Kendra Fletcher, author of Lost and Found and Leaving Legalism, has seen the value of testimony among those who have made the difficult decision to move away from the religion, rules, and community that once encompassed their lives. “When we realize that others are walking a similar path, we can hold each other up in our grief and in our joy,” she said.
Fletcher, who blogs about faith and homeschooling, belongs to an online community of Christians who have left legalistic communities. It can be hard to find balance on the other side, especially when people find comfort, order, and a sense of control in black-and-white religious rules.
“What I see is either a complete rejection of Christ and the gospel—the baby out with the bathwater—or a shift to a type of practice that is legalism-adjacent,” she said. “Most of us ride a pendulum swing. Somewhere along the path out of a legalistic environment, we have to encounter Christ all over again or it just becomes too easy to grab a pen and paper and write a fresh to-do list.”
Because Vuolo experienced for herself a degree of comfort and certainty within Gothard’s system, she can see why her parents still follow his teachings. She does not criticize her mom and dad, Michelle and Jim Bob Duggar, in the book but places blame on Gothard himself.
“When you’re in that setting, you can just lean so heavily into it and be engrossed in it, ingrained in it, and think that’s what is best for everyone,” she told CT. “And at the same time, I will come down very hard against Bill Gothard in his teachings because he is the leader of this. And I want to share in a way that, whenever Scripture comes up, it exposes the darkness and the error.”

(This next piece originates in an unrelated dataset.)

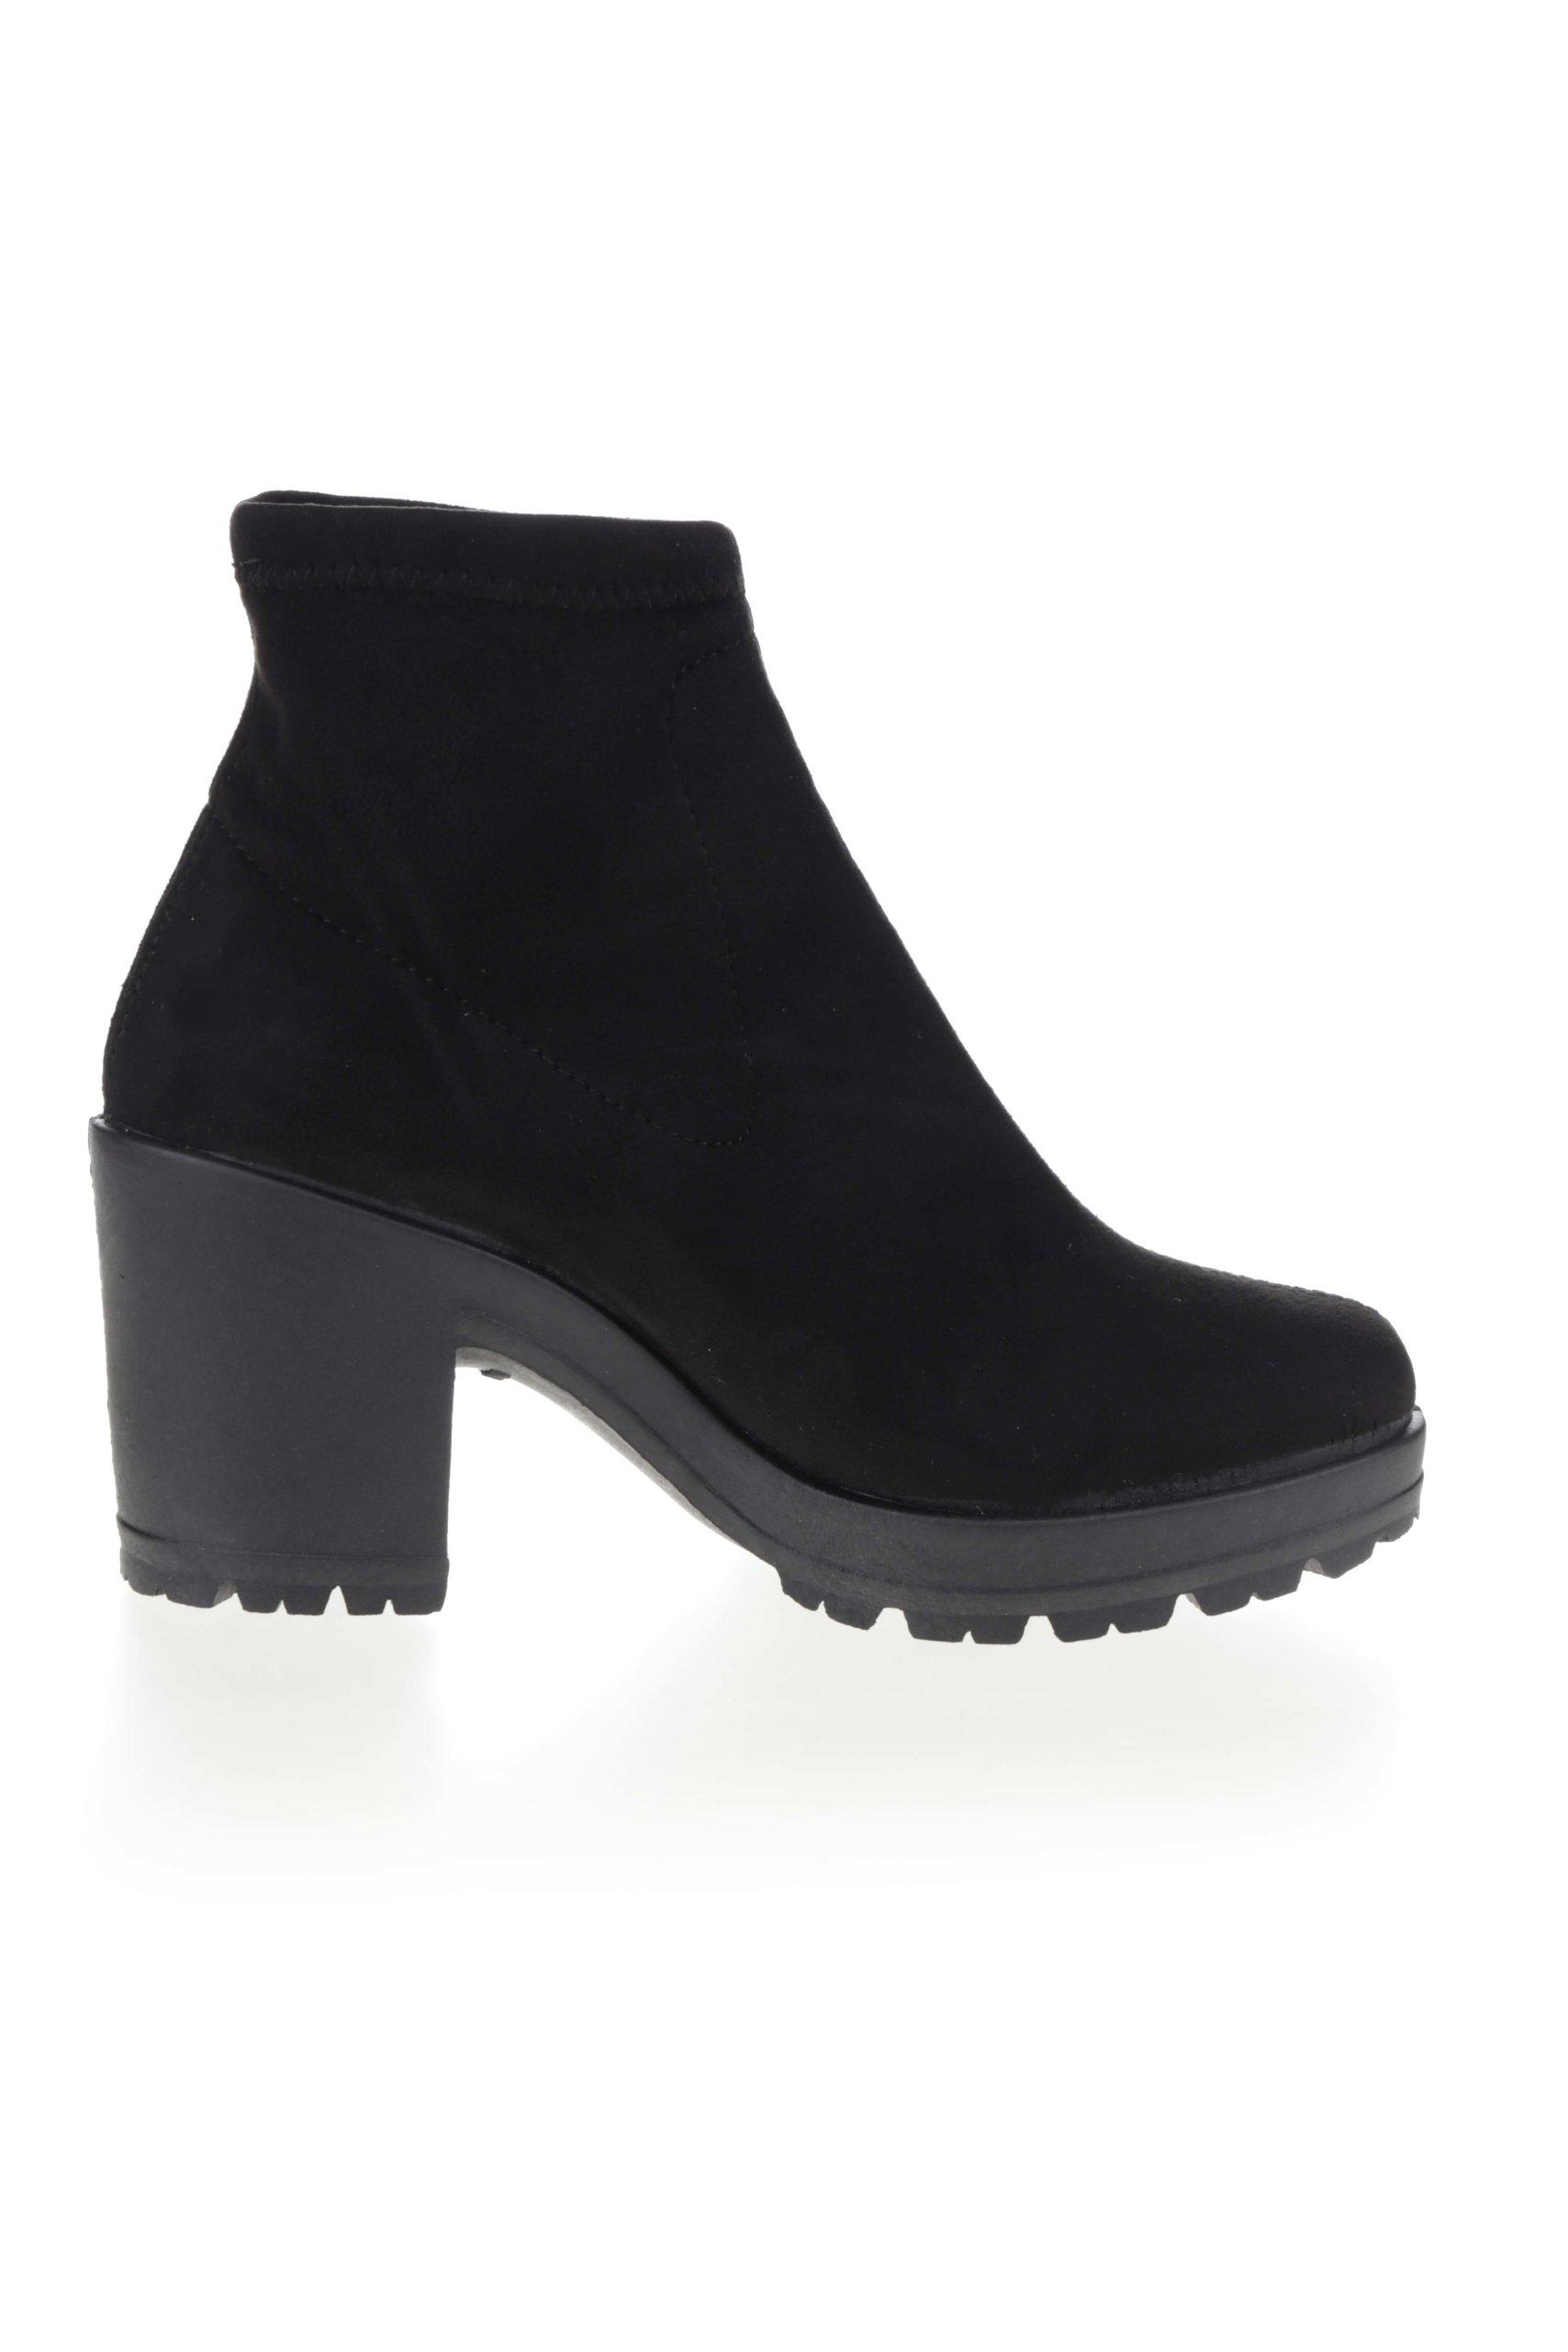 17e525452b010 Čierne členkové topánky v semišovej úprave na podpätku Miss Selfridge ...

The Duggar family has been criticized from the outside for their affiliations with Gothard, particularly around their oldest child, Josh Duggar, who had attended a training program through IBLP as a teenager after his parents discovered he had sexually molested girls in their home. There was no legal report or charges against him. The 34-year-old was convicted last year of possessing child sex abuse material.
“One of the hardest realities in my life is that my brother Josh very publicly displayed some of the same hypocrisy as Gothard,” Vuolo wrote. She has not spoken to Josh in over two years.
Living in California—as one of the only Duggar kids to move from their home state of Arkansas—Vuolo’s life looks different now. She ministers to college girls even though she didn’t go to college, and she’s learning to swim for the first time. The mom of two likes secular music and museums and riding bikes in pants rather than skirts.
But the biggest difference is what happens when she opens the Bible, she said. Instead of reading the Psalms and assuming the warnings around destruction and disobedience are meant for her, she finds refuge in an expression of fatherly love. She remembers the promise in John 10:28 that God keeps her and no one can pluck her out of God’s hand.
“That’s a beautiful thing that I now find rest for my soul in—realizing like it’s not this performance-based religion,” she said. “That’s just religion. That’s not a relationship with Jesus.”